Task prompt: Span requested from the data below: the line with "Yozgat Uydu Görüntüsü Örnek Fotoğrafı" through the line with "Torino FC - AC Milan, 7 oktoberom 20:45", both included. Give only these lines again, exactly, and leave every picture out.

Material to process:
▽

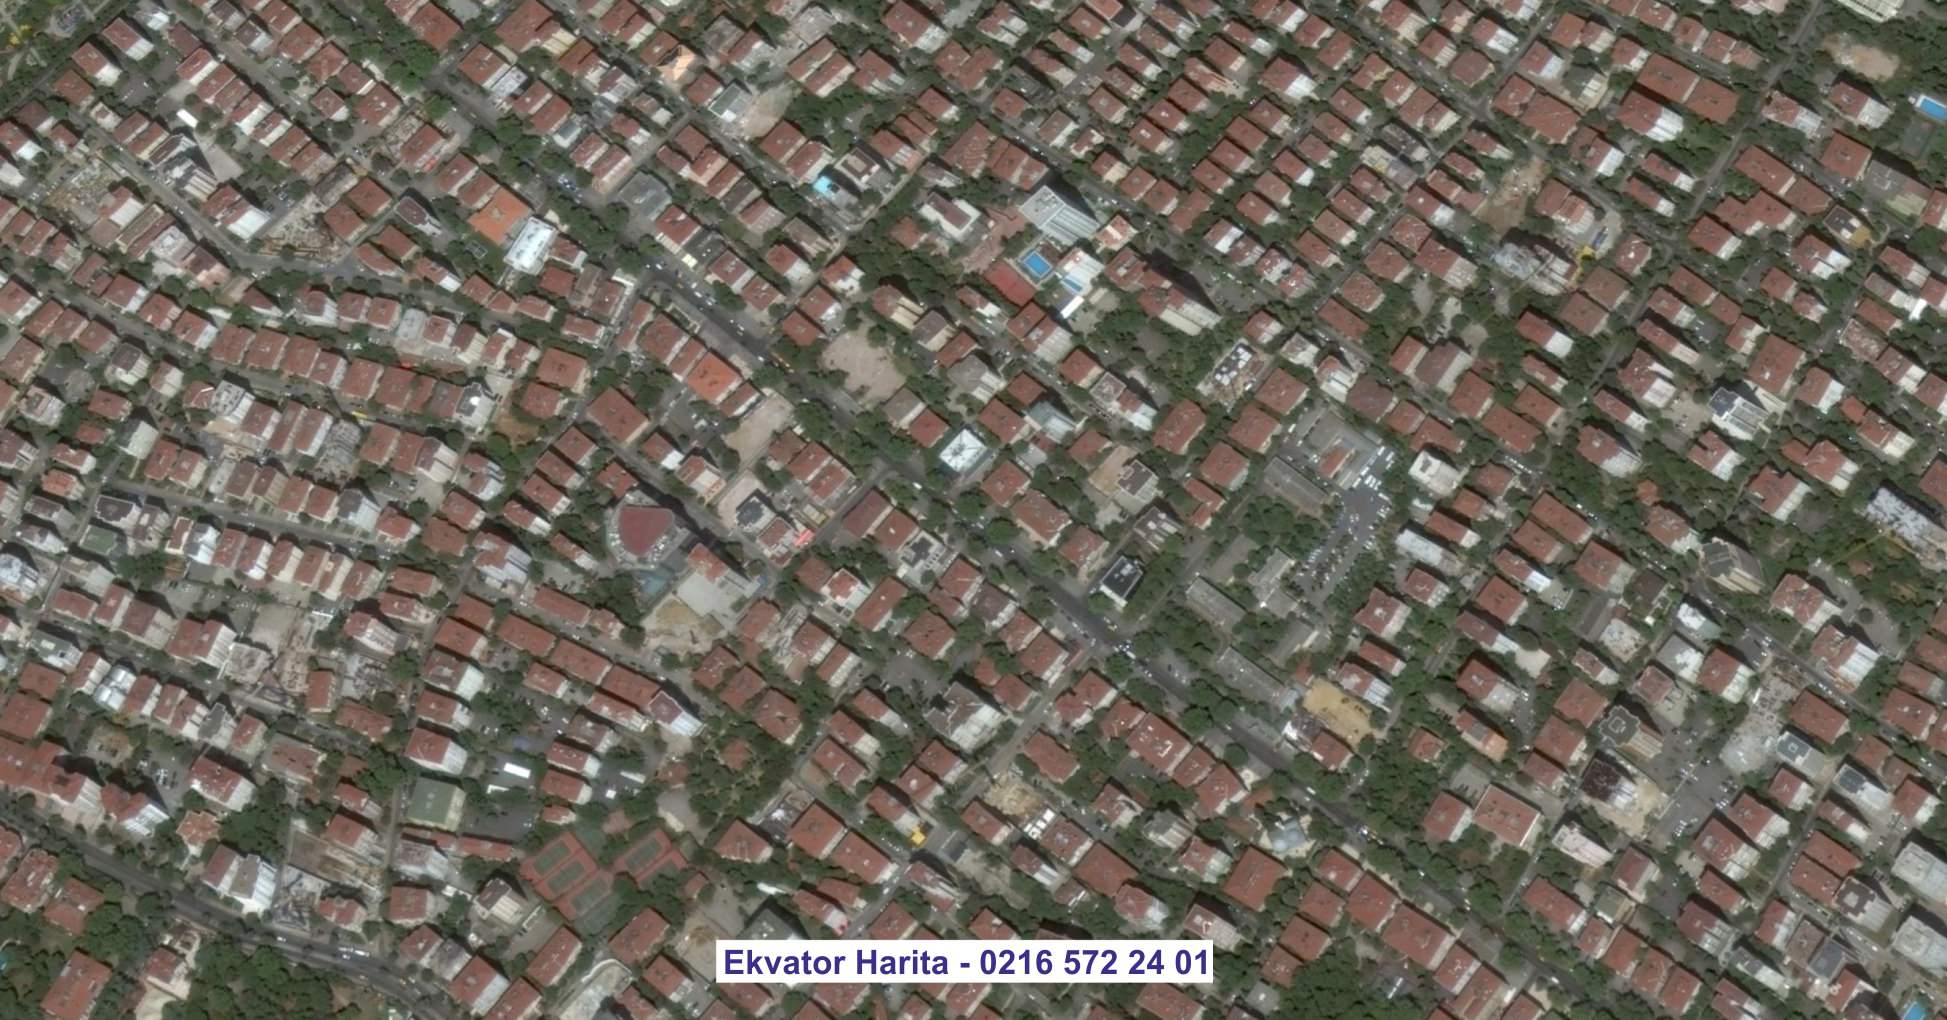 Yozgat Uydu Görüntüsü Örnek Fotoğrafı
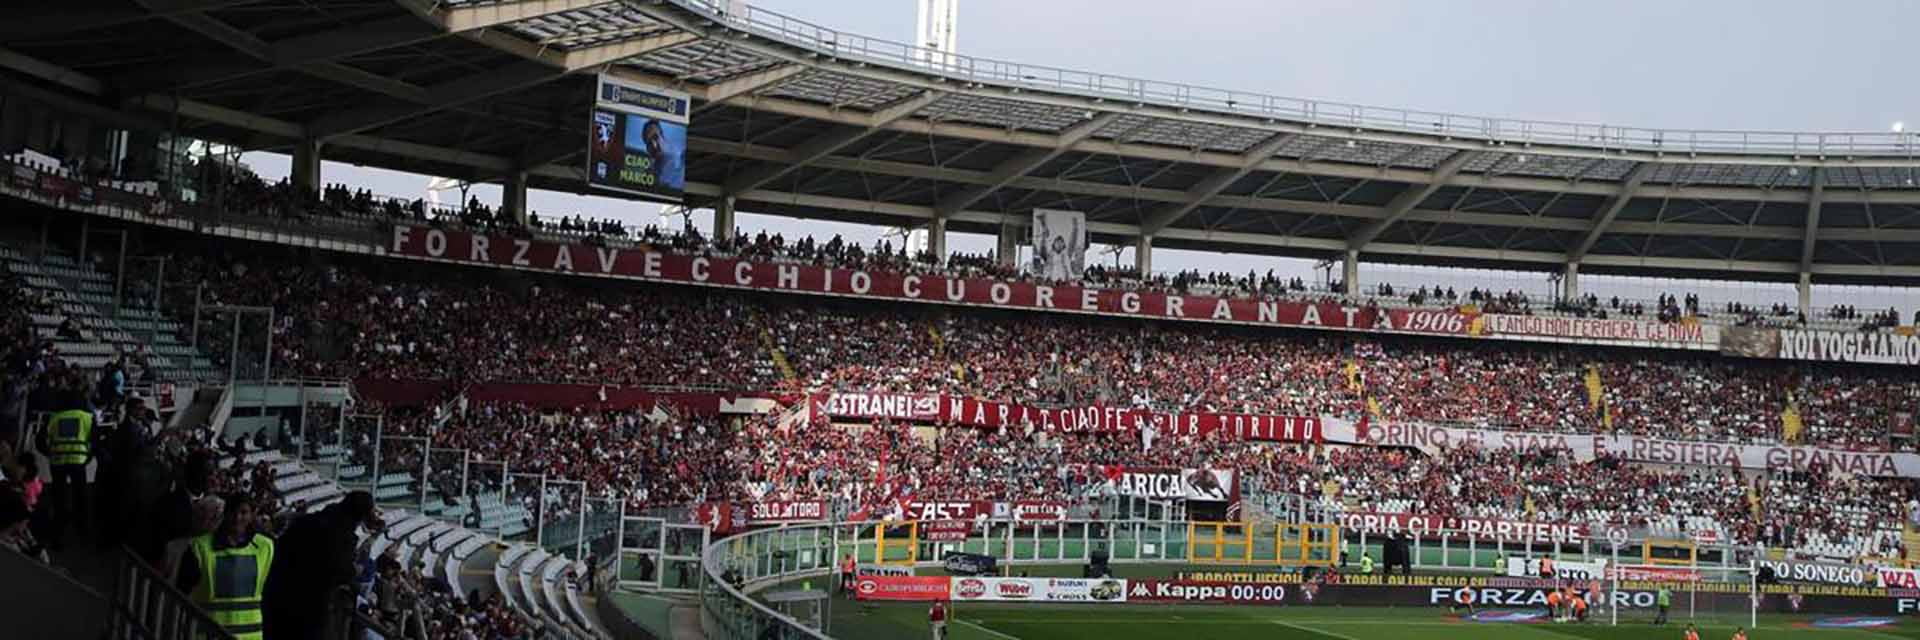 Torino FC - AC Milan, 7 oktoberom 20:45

△
▽

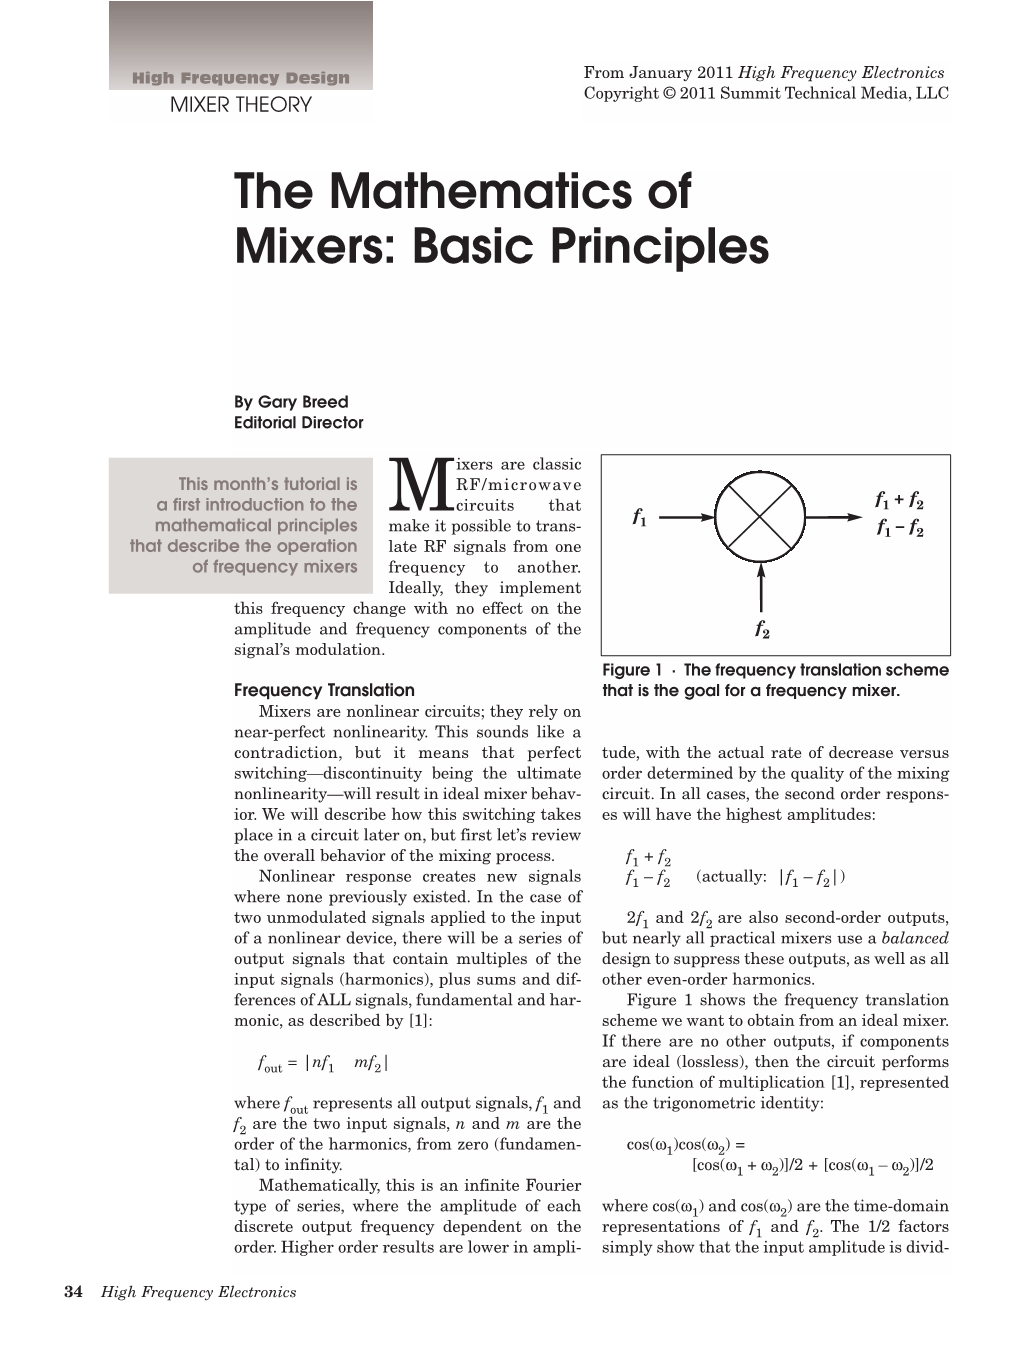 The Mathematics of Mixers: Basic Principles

△

The answer:
 Yozgat Uydu Görüntüsü Örnek Fotoğrafı
 Torino FC - AC Milan, 7 oktoberom 20:45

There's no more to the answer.